If you want to view the metadata differences between the source and destination files, you can configure the --diff and --preserveMeta parameters. Sample command:

 jindo-distcp-tool-${version}.jar --src /data/hourly_table --dest oss://example-oss-bucket/hourly_table --diff --preserveMeta

--update

Version

OSS

OSS-HDFS

4.3.0 and later

Supported

Supported

--update: specifies whether to use the UPDATE mode. In UPDATE mode, only incremental source files are copied, such as the source files that do not exist in the destination directory or the source files that differ from the destination files.

If a Jindo DistCp job is interrupted and files fail to be copied to the destination directory, you can use the --update parameter to copy these files. If specific files are added to the source directory, you can also use the --update parameter to copy the incremental files to the destination directory.

Sample command:

 jindo-distcp-tool-${version}.jar --src /data/hourly_table --dest oss://example-oss-bucket/hourly_table --update

--policy

Version

OSS

OSS-HDFS

4.3.0 and later

Supported

Not supported

--policy: specifies the storage class of the files copied to OSS, such as Cold Archive, Archive, or IA. If you do not configure this parameter, the Standard storage class is used by default.

  • Cold Archive

    Only specific regions support this storage class. For more information, see Overview. Sample command:

     jindo-distcp-tool-${version}.jar --src /data/hourly_table --dest oss://example-bucket/hourly_table --policy coldArchive --parallelism 20
  • Archive

     jindo-distcp-tool-${version}.jar --src /data/hourly_table --dest oss://example-bucket/hourly_table --policy archive --parallelism 20
  • IA

     jindo-distcp-tool-${version}.jar --src /data/hourly_table --dest oss://example-bucket/hourly_table --policy ia --parallelism 20

--preserveMeta

Version

OSS

OSS-HDFS

4.4.0 and later

Not supported

Supported

--preserveMeta: specifies whether to copy metadata during the data copy process, including the Owner, Group, Permission, Atime, Mtime, Replication, BlockSize, XAttrs, and ACL metadata.
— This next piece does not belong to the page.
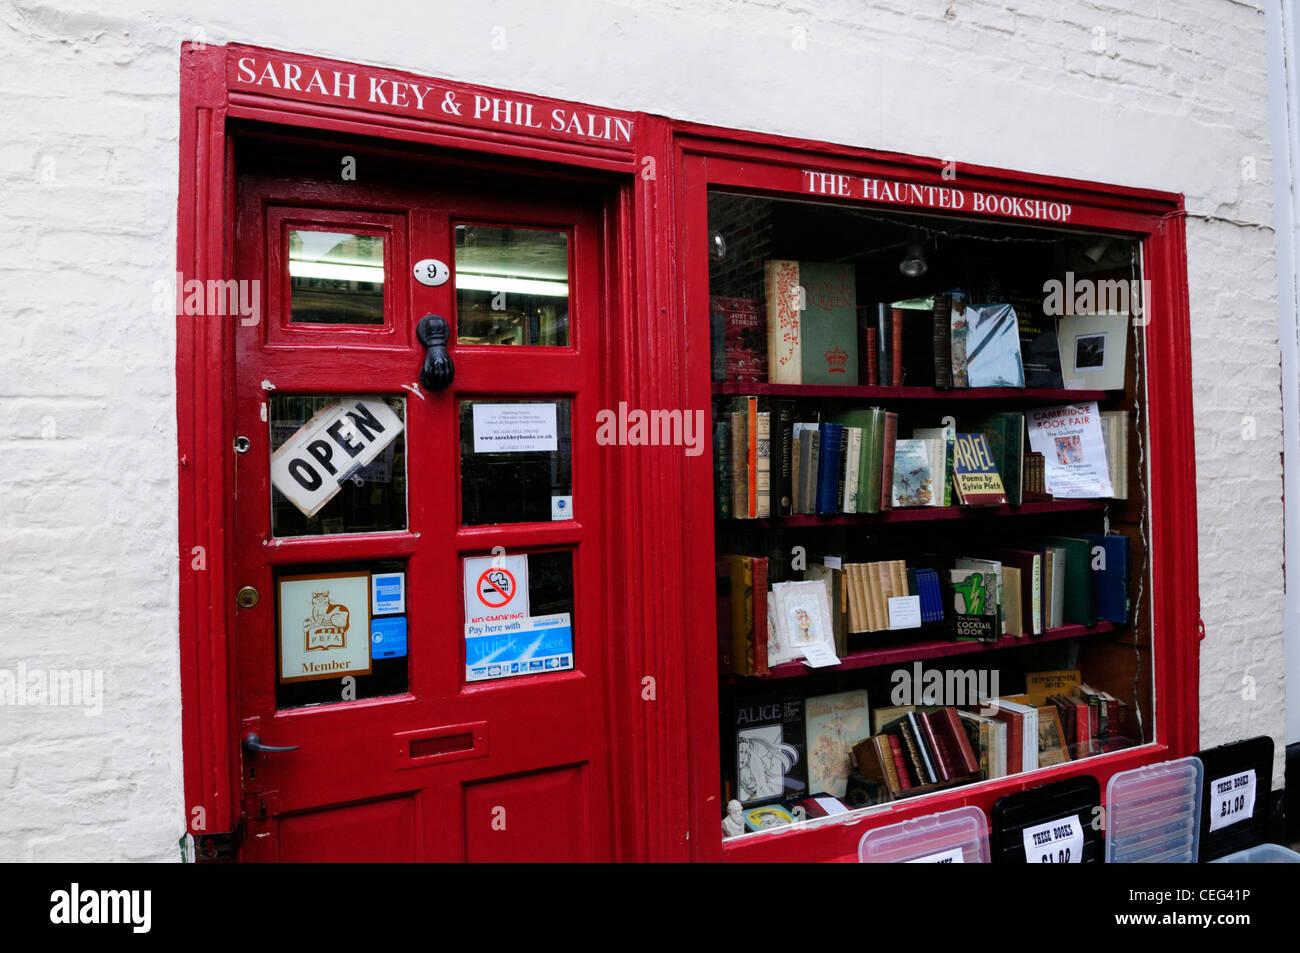 El Haunted Bookshop, St Edward's Passage, Cambridge, Inglaterra, Reino Unido. Imagen De Stock

 jindo-distcp-tool-${version}.jar --src /data/hourly_table --dest oss://example-oss-bucket/hourly_table --preserveMeta

--jobBatch

Version

OSS

OSS-HDFS

4.5.1 and later

Supported

Supported

--jobBatch: specifies the number of files that can be processed by a DistCp job when you copy data to OSS. Default value: 10000.
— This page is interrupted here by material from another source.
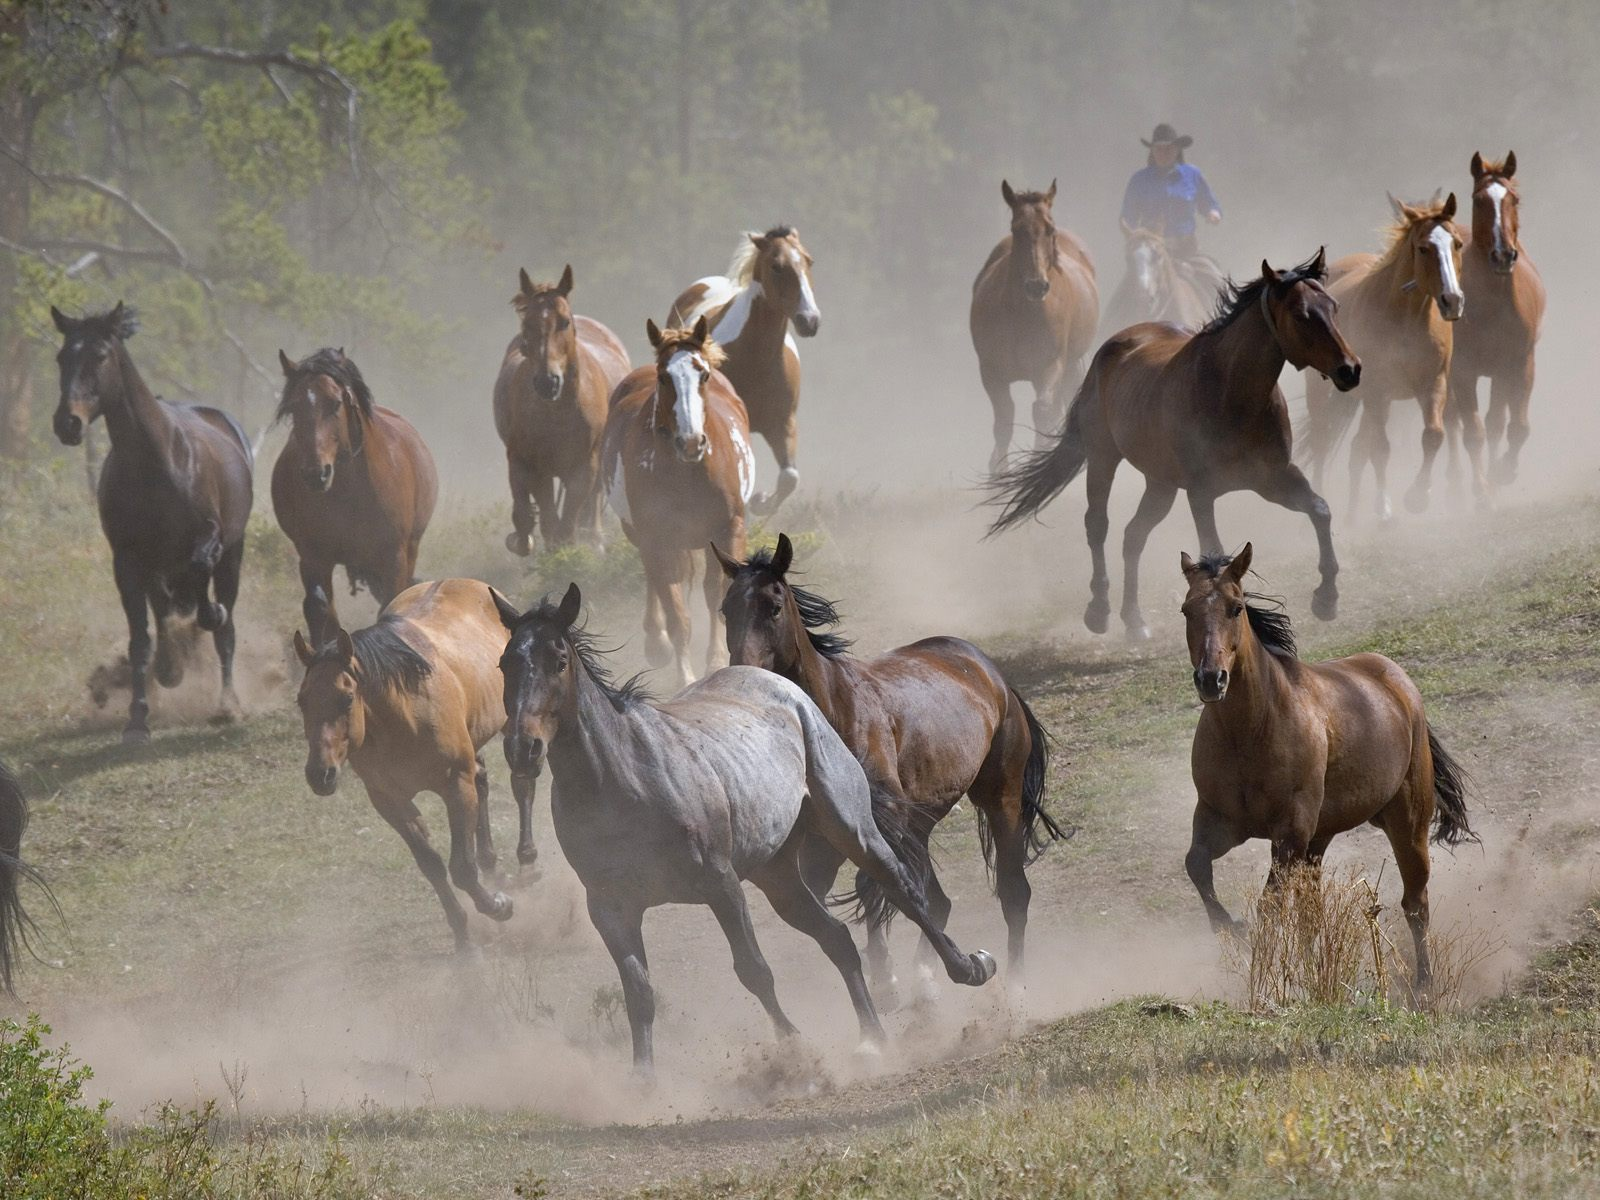 wild horses running wallpapers - photo #1

 jindo-distcp-tool-${version}.jar --src /data/hourly_table --dest oss://example-oss-bucket/hourly_table --jobBatch 50000

--enableCMS

Version

OSS

OSS-HDFS

4.5.1 and later

Supported

Supported

--enableCMS: specifies whether to enable the monitoring and alerting features of CloudMonitor.

Jindo DistCp counters

Jindo DistCp counters describe the execution results of Jindo DistCp jobs. The following table describes specific counters.

Counter

Description

COPY_FAILED

The number of files that fail to be copied.

CHECKSUM_DIFF

The number of files that fail to pass the checksum verification. The number is added to the value of COPY_FAILED.

FILES_EXPECTED

The number of files that are expected to be copied.

BYTES_EXPECTED

The number of bytes that are expected to be copied.

FILES_COPIED

The number of files that are copied.

BYTES_COPIED

The number of bytes that are copied.

FILES_SKIPPED

The number of files that are skipped during incremental updates.

BYTES_SKIPPED

The number of bytes that are skipped during incremental updates.

DIFF_FILES

The number of files that are different in the source and destination directories.

SAME_FILES

The number of files that are identical in the source and destination directories.

DST_MISS

The number of files that do not exist in the destination directory. The number is added to the value of DIFF_FILES.

LENGTH_DIFF

The number of files that are of different sizes in the source and destination directories. The number is added to the value of DIFF_FILES.

CHECKSUM_DIFF

The number of files that fail to pass the checksum verification. The number is added to the value of DIFF_FILES.

DIFF_FAILED

The number of files that are not properly compared.